« BackOn programming and poetryzverok.spaceSubmitted by todsacerdoti 2 days ago
  • adityaathalye 5 hours ago

    Oh hey, a kindred spirit! Among other things, I find it oddly satisfying that zverok also mentioned APL in his post. Save for he being an actual poet and published author, and I not, we share similar sentiments.

    The other dissimilarity is that zverok is having to wage actual war, which I can only imagine and maybe not even that, which I've alluded to in my post.

    I wrote this some time ago:

    As Lovely as a Tree. On the algorithm as a poetic form.

    https://tblm.substack.com/p/as-lovely-as-a-tree

    Discussed here: https://news.ycombinator.com/item?id=40688695

    Excerpt:

    Following any of these threads about the magic, art, craft, and imagination of code will certainly compel us to consider the subject of its beauty, and that of the algorithms within. Ink—old-style and digital—has clearly been spilled on the subject. Albeit, nearly not as much as on beauty itself. Bloodshed is another matter. The millennia-old field of algorithms has morphed into our not-even-centenarian field of computers; a mere newborn, eyes still closed, in the saga of the human condition. They are united not only by shared blood, but that of others spilled for and due to them. Increasingly so, as they permeate all of humanity's projects, projectiles, and pogroms, materialised as computer code. When it comes to that kind of thing, even one spill is one too many.

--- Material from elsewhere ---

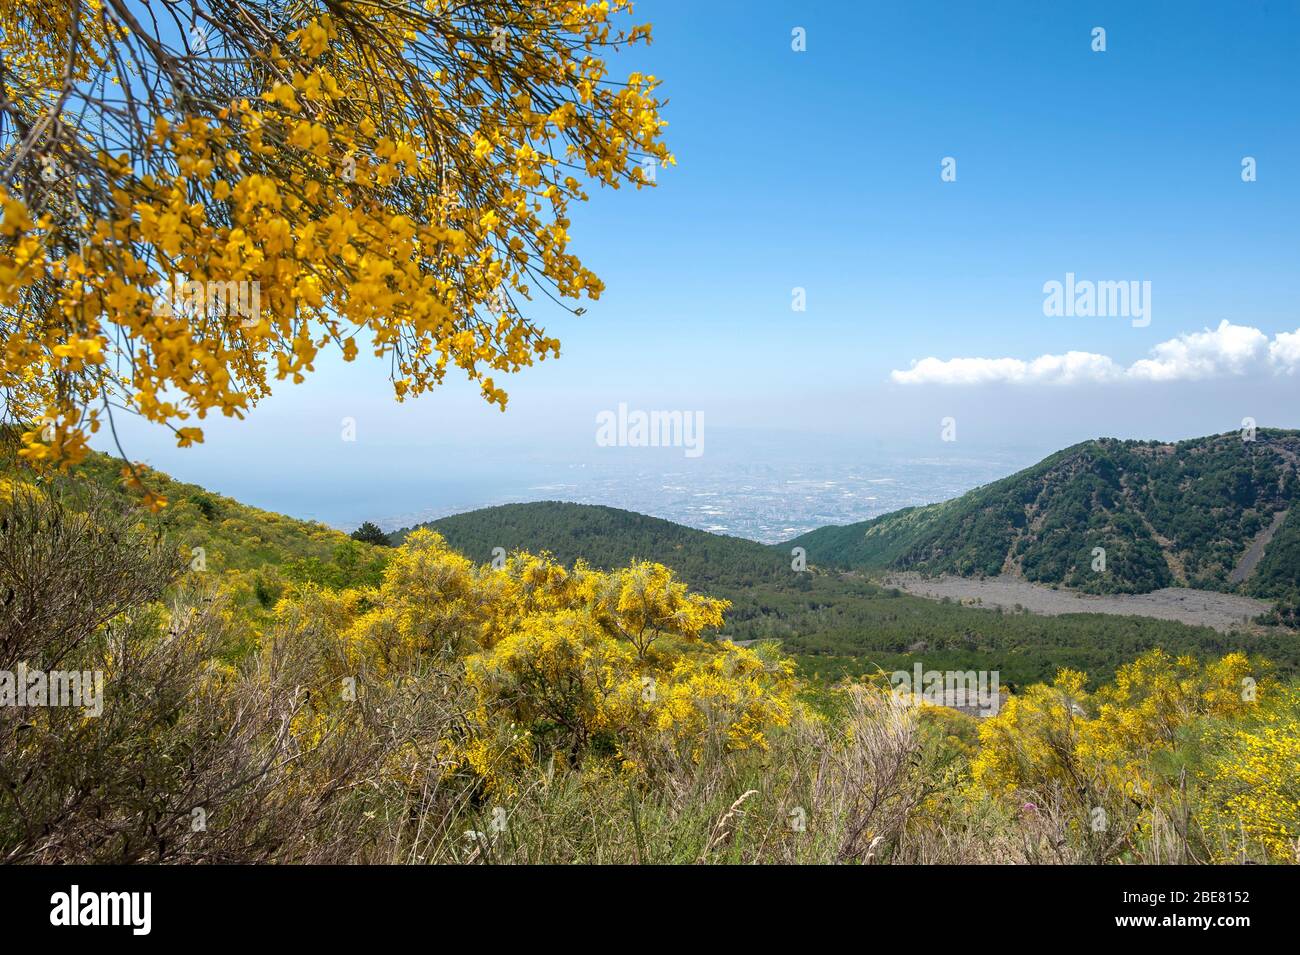 Yellow flowers of the Etna broom (Genista aetnensis) flowering on the slopes of Mount Vesuvius, Italy Stock Photo

    (edit: add more context)

    • cleandreams 5 hours ago

      I'm a poet (published etc) and this was a treat to read. For me the parallels between coding and writing poetry are the iterative quality. As I work on my code I simplify, tighten, code share. I use expressive names, etc. I will think, "This is it!" and then discover the need for another iteration. With poetry it is the same.

      • p4bl0 4 hours ago

        Yes! I wouldn't call myself a poet, but I wrote quite a few poems myself, being initially attracted to the formal rules one can use when writing poetry. I perfectly see what you mean, it really felt the same to me.

      • Towaway69 4 hours ago

        There was once a lovely project by Ishac Bertran called code {poems}[1]

        The project involved collecting code as poems and publishing a collection of poems in hardcover. The final result is wonderful book of poems in the form of executable code.

        Slightly off topic, but that’s my connection between poetry and programming.

        [1] http://ishback.com/codepoems/index.html

        • svilen_dobrev 5 hours ago

          Alistair Cockburn wrote about it long ago..

          https://web.archive.org/web/20170620234716/http://alistair.c...

          And yes, IMO software is very twisted way of communicating (knowledge and/or understanding and/or views) through time&space.. same as poetry :)

          • FigurativeVoid 8 hours ago

            I majored in English, but I am now a software engineer.

            A few things that have held constant for me:

            * Readability over cleverness

            * The importance of having an outline (even if you don't stick to it)

            * The importance of having something that you can work on. Nothing worse than a blank screen.

            * Giving and receiving feedback constructively

            * The importance of genre and conventions

            • blast 7 hours ago

              Poets don't favor "readability"—at least not good poets. They're optimizing for something else altogether.

              • guappa 5 hours ago

                Well he was a bad poet, that's why he changed field.